Il trauma fu grande, ma ero un'animale ormai, non mi importava delle cicatrici emotive, io dovevo
sopravvivere.
Piano piano imparai a cavarmela da sola, mia madre voleva aiutarmi, non la vedevo da tanto, mi
invitò a Brooklyn, dove a quanto pare si era trasferita per iniziare una nuova vita con il suo nuovo
compagno.
Il suo corpo era rovinato da una vita sulla strada, si era data allo stripping quando era molto
giovane, forse anche per mantenermi, e ora il suo corpo ne portava i segni, però sembrava felice,
con una famiglia modesta in una casa modesta... Mi invitò a restare, fu gentile con me, ma dava già
rifugio a ragazze che in vita erano come lei, lavoravano con il sesso per mantenersi un posto, non
era adatto a me, e inoltre, io non volevo restarci.

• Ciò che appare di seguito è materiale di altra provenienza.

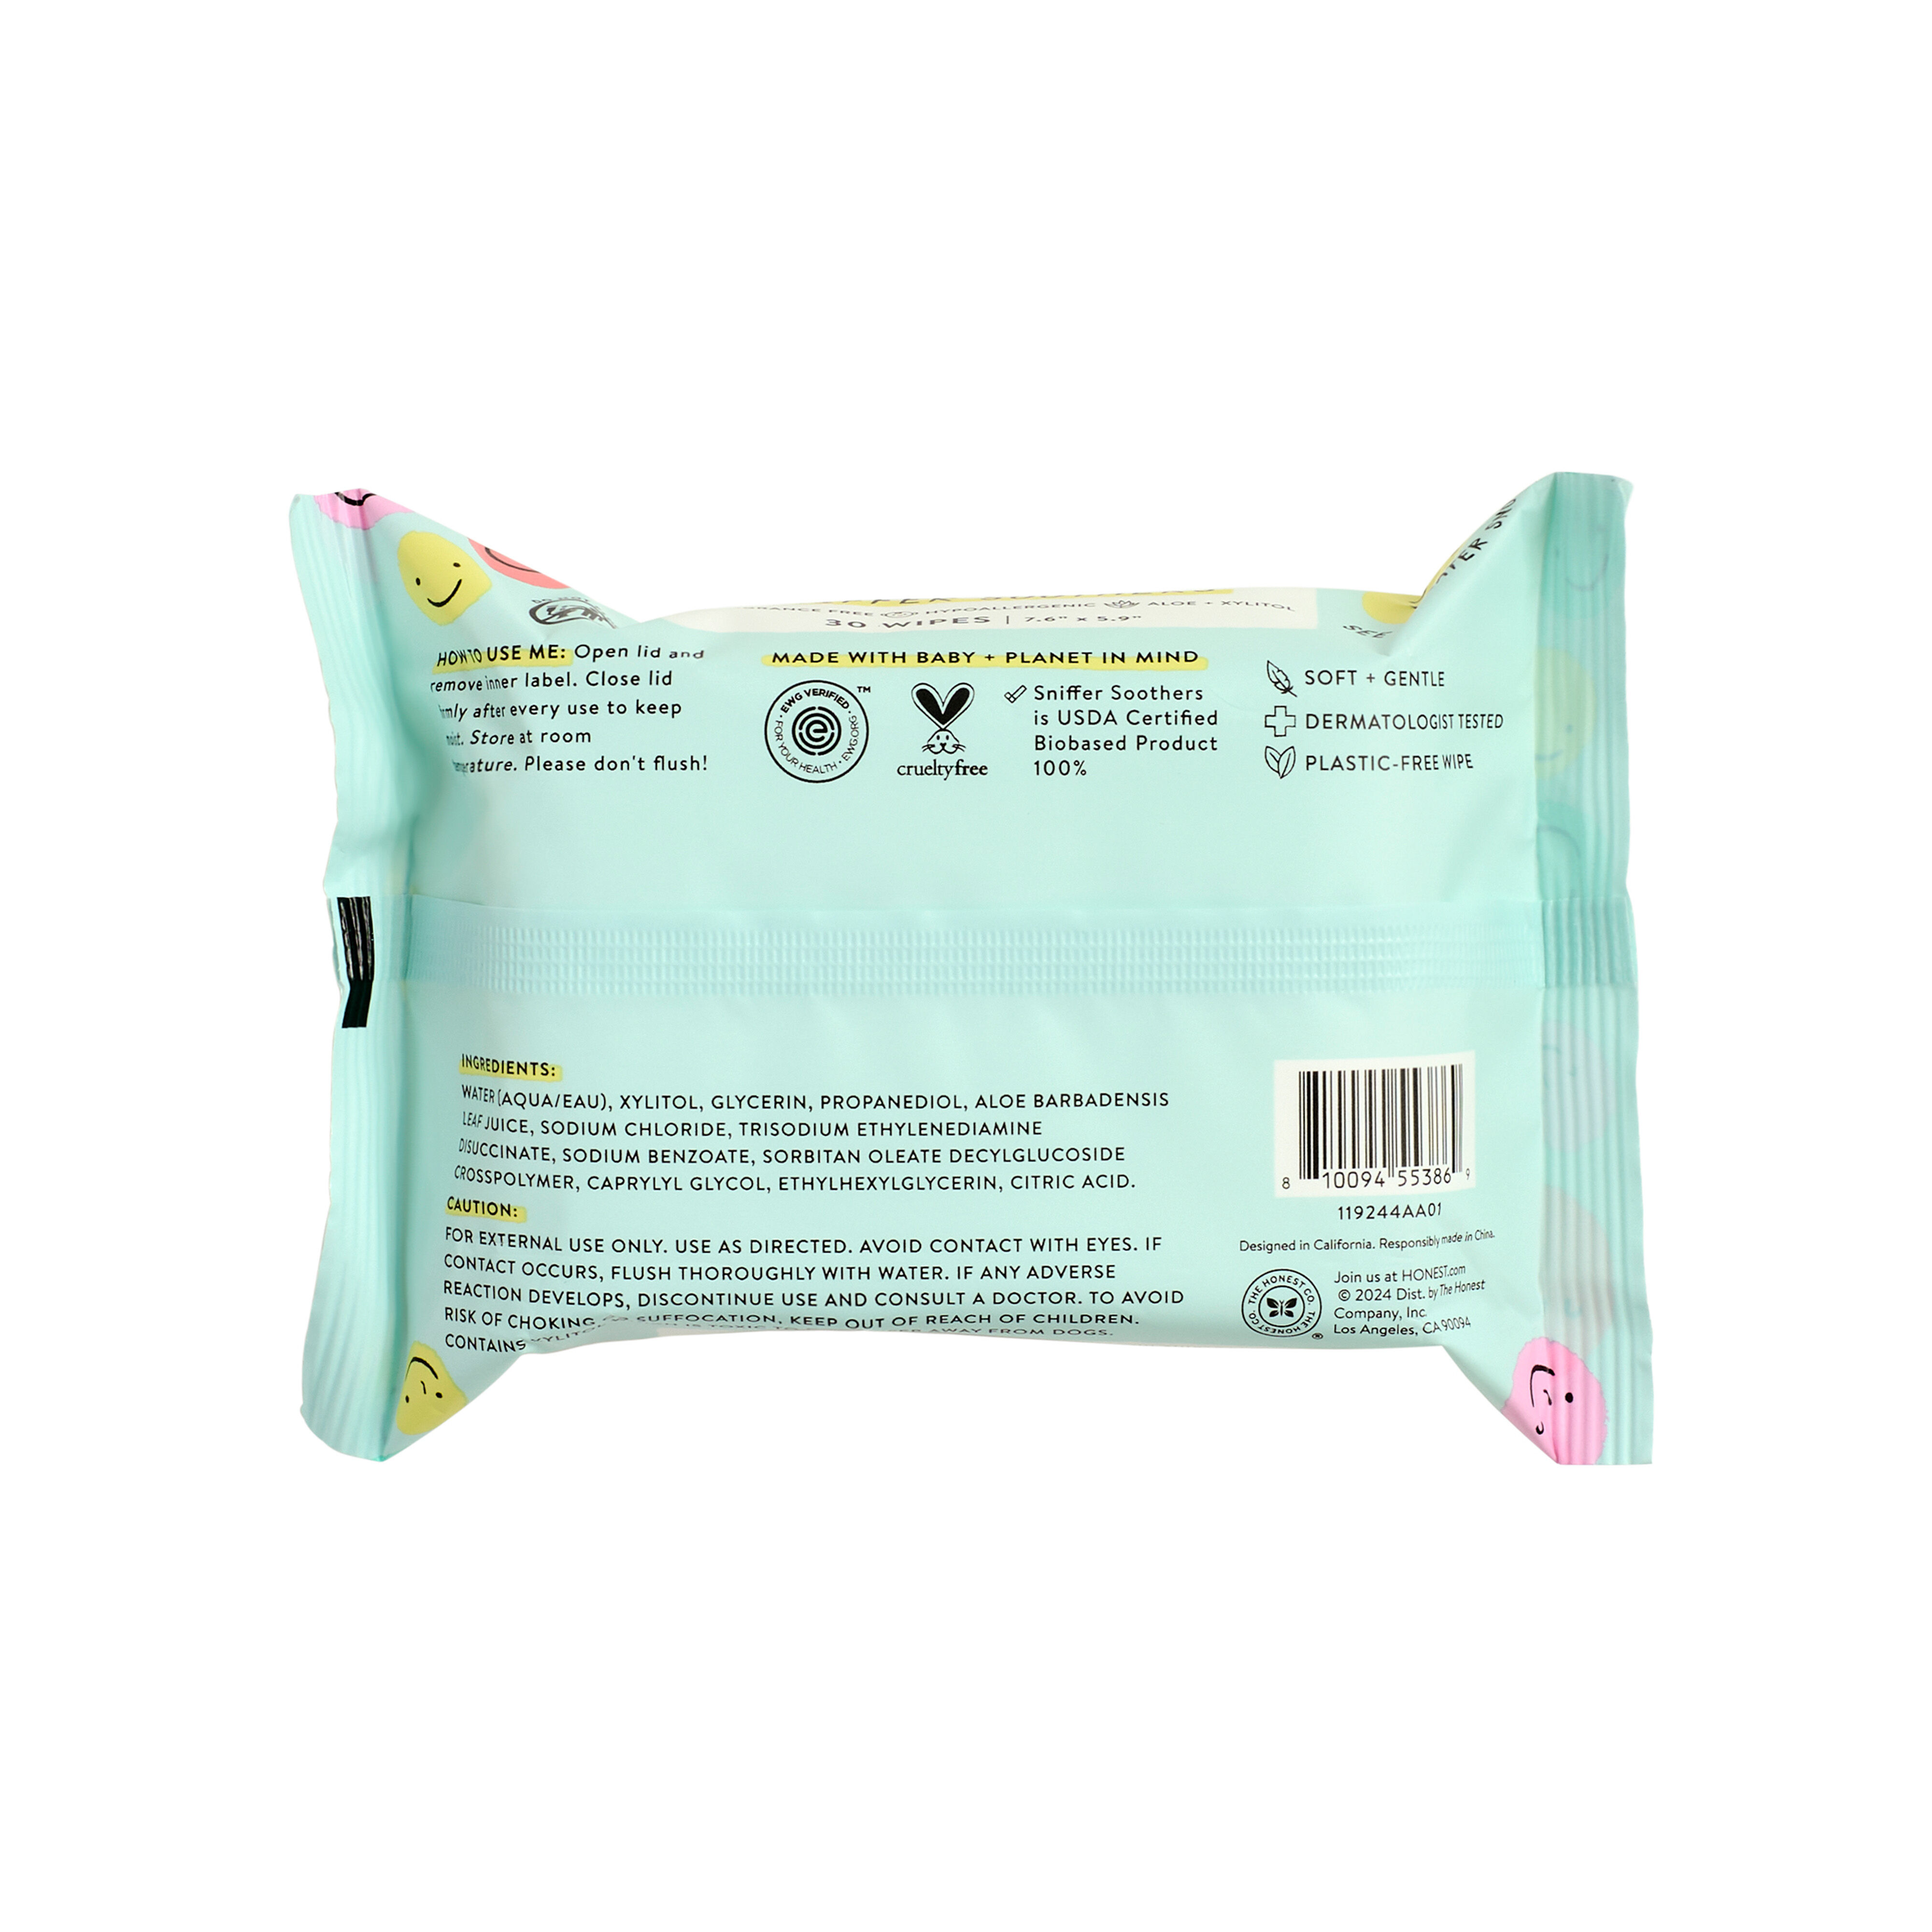 Sniffer Soothers Nose + Face Wipes, 30 Count

Fu però una buona idea per me trasferirmi li, scoprì che la mia amica d'infanzia Samantha viveva
anch'essa li, lavorava in un ospedale come chirurgo vascolare, decisi però di non disturbarla troppo,
sembrava essere felice e più di un'occhiata non le diedi molto altro, mi faceva felice sapere di avere
qualche volto nuovo intorno ma avevo altre priorità.

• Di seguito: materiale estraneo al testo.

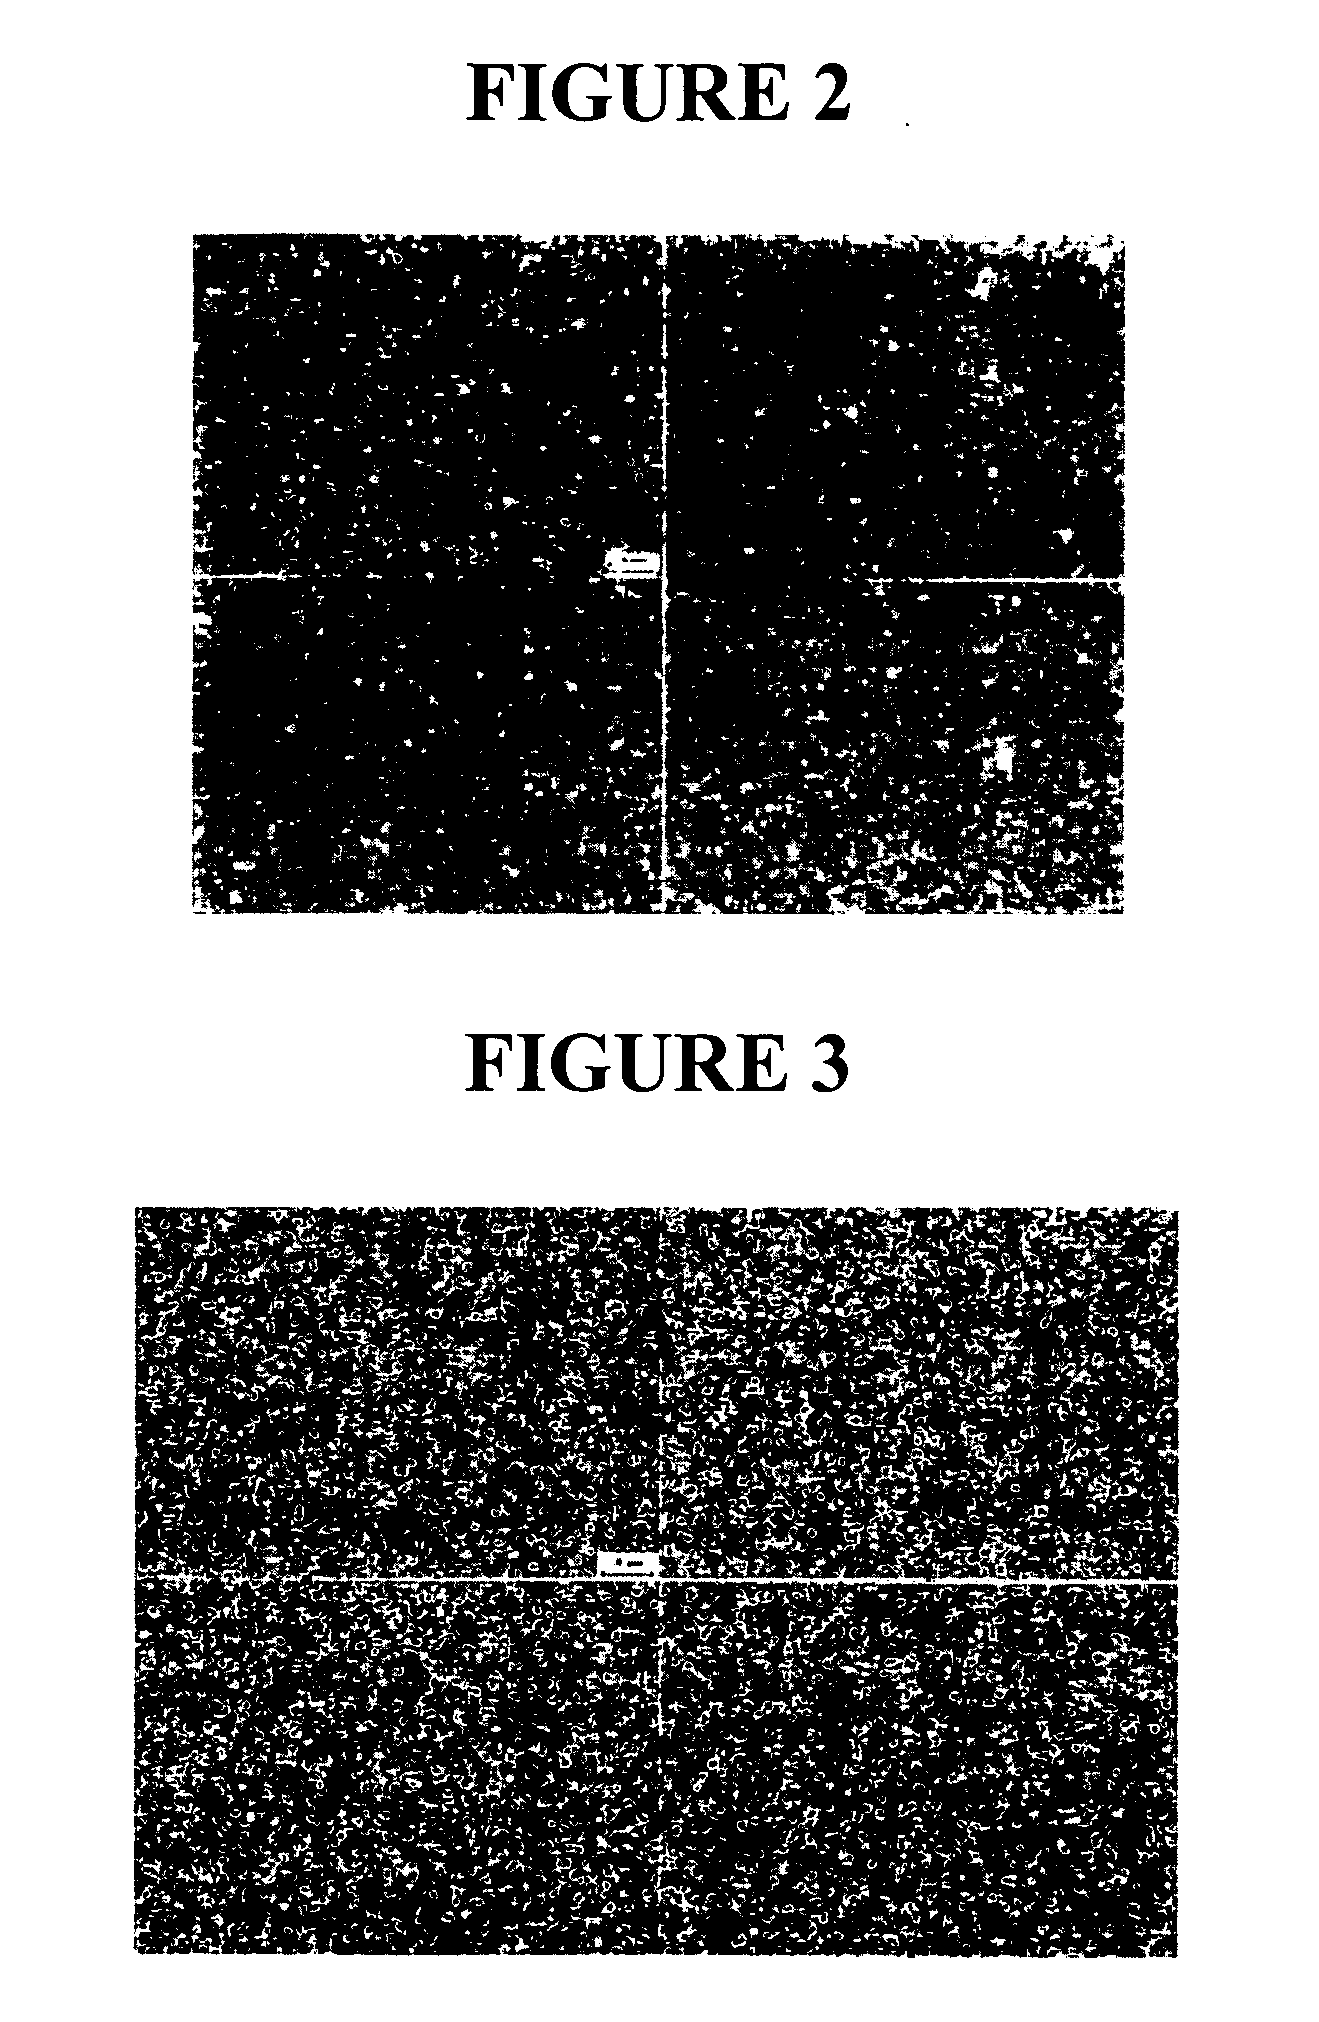 Injectable compositions of nanoparticulate immunosuppressive compounds

In effetti dopo aver imparato a procacciarmi del cibo tornai ad interessarmi alla mia cultura, a quello
che il mio sire defunto mi aveva concesso dopo l'abbraccio, avevo imparato abbastanza per essere
diventata desiderosa di più, volevo imparare, sapere, conoscere e padroneggiare questo nuovo
potere artistico che avevo, e così iniziai ad usare me stessa come tela, e di tanto in tanto su quelle
che io chiamo le mie piccole tele, creature o volontari che si cedono a me, volontariamente o no, e
che mi diverto a deformare.
Imparai ben presto però che sapersi cacciare del cibo non equivaleva essere al sicuro, e che cacciare
in territorio altrui è estremamente stupido e pericoloso, fu così che attirai a me le attenzioni non
richieste ma gradite di qualcuno, per le persone come me ero un libro aperto, un solo sguardo
bastava a capire cosa ero, ma per fortuna l'umanità era ancora dolcemente ignara.